There are a couple of poems inspired by Keith Jarrett tracks in the book. His work has been very important to me, but I was unable to listen to it for several months after my son Aidan died. I knew that the first Jarrett track I would return to would be the recording of "Autumn Leaves" that inspired the poem of the same name in The North End of the Possible. It's just such a rich, profound recording. When I finally felt able to hear it again, it struck me for the first time that the extended solo piano introduction is based around the phrase from the melody that sets the words, "I miss you most of all". Suddenly, the piece took on even more significance than ever. It would be right at the top of my Desert Island discs, along with Bach's Goldberg variations, which also has associations with Aidan.

RP:Both works include erasures and extracts, from texts real and imagined. To what extent can we trust official documents? To what extent can we trust our own memories? How does poetry fit in?

RM: We can't trust official documents. In the event of a nuclear attack, hide under a table. Don't go outside without a towel wrapped round your face. That's what the Government told people in the sixties and seventies and the lies today are every bit as nonsensical, but more sophisticated. I don't think we can altogether trust our memories either. Poems can capture moments like undoctored photographs - as evidence against fakery and unreliability - but they can also enact fakery and unreliability by (in effect) photoshopping the past. Good poems don't try to fit in. Good poems don't pander to expectations. They know the official versions of events and subvert them.

AP: My day job involves creating an official document -- the official transcript proceedings of the Scottish Parliament -- so I probably have to be careful what I say here!

Memory is a notoriously fallible faculty. I often wonder whether, now that we have externalised so much of it, that is more so the case than ever. On the other hand, writing things down -- or recording them in another form -- can lend them permanence, power and weight. Or, at least, it can seem too.

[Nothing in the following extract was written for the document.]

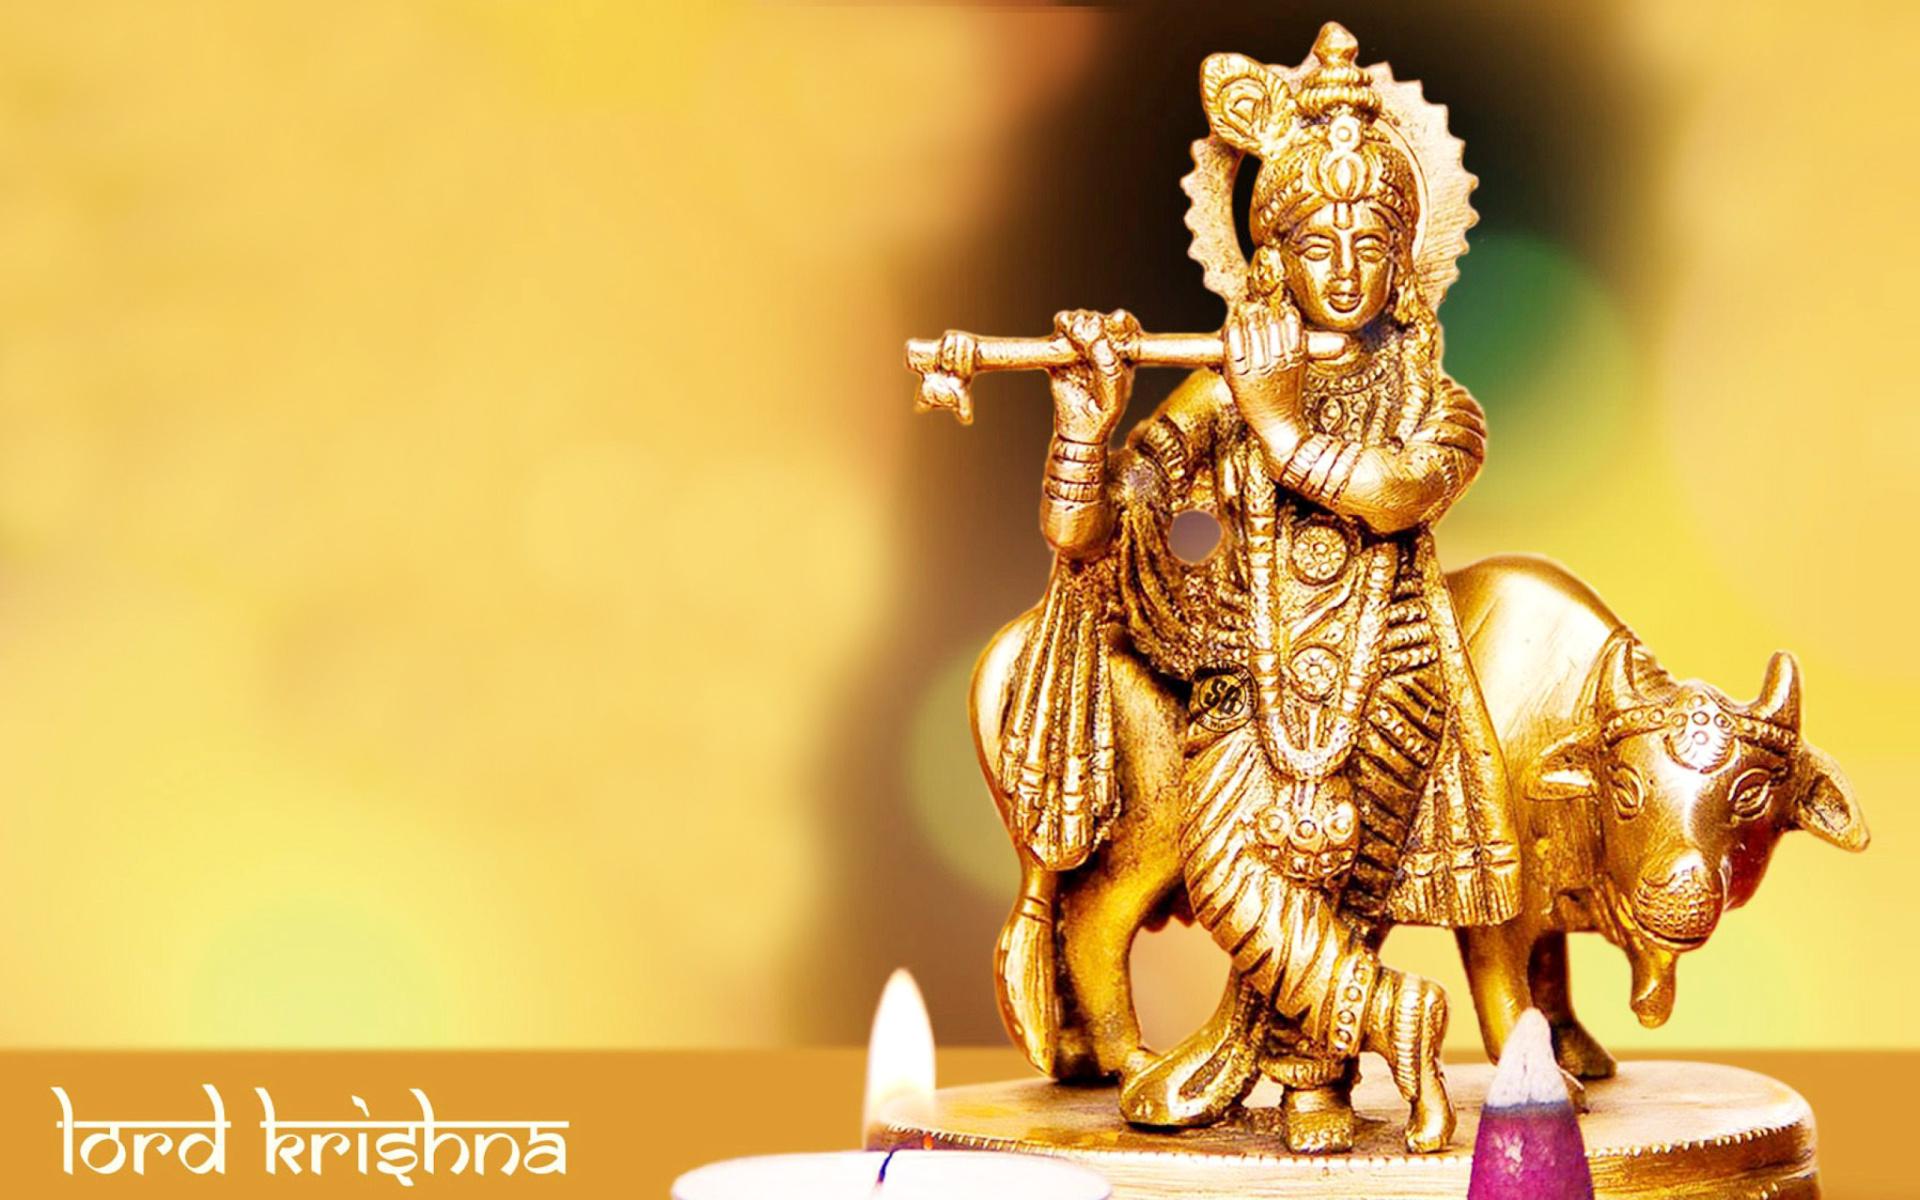 Wallpaper For Pc Krishna

Forgetting is an oft overlooked aspect of the creative process. The decay or partial covering of a memory can give you enough to work on as an artist while allowing you the space to invent. After all, Proust wouldn't have started his magnum opus had everything been sharp and clear in his memory.

Much of politics is concerned with presenting a narrative and trying to convince others of its validity. Official documents are, inevitably, part of that. Memoirs, and even diaries, are engaged in a similar project on a more personal scale. To that extent, they too can be seen as official documents of the individual. Poems, on the other hand, seem to be more about exploring than fixing; more about entering into a conversation than trying to convince someone of something. At least, that's my experience of writing and reading them.

RP:Well, gentlemen, this has certainly been a very rich and interesting conversation from my perspective. Thanks very much.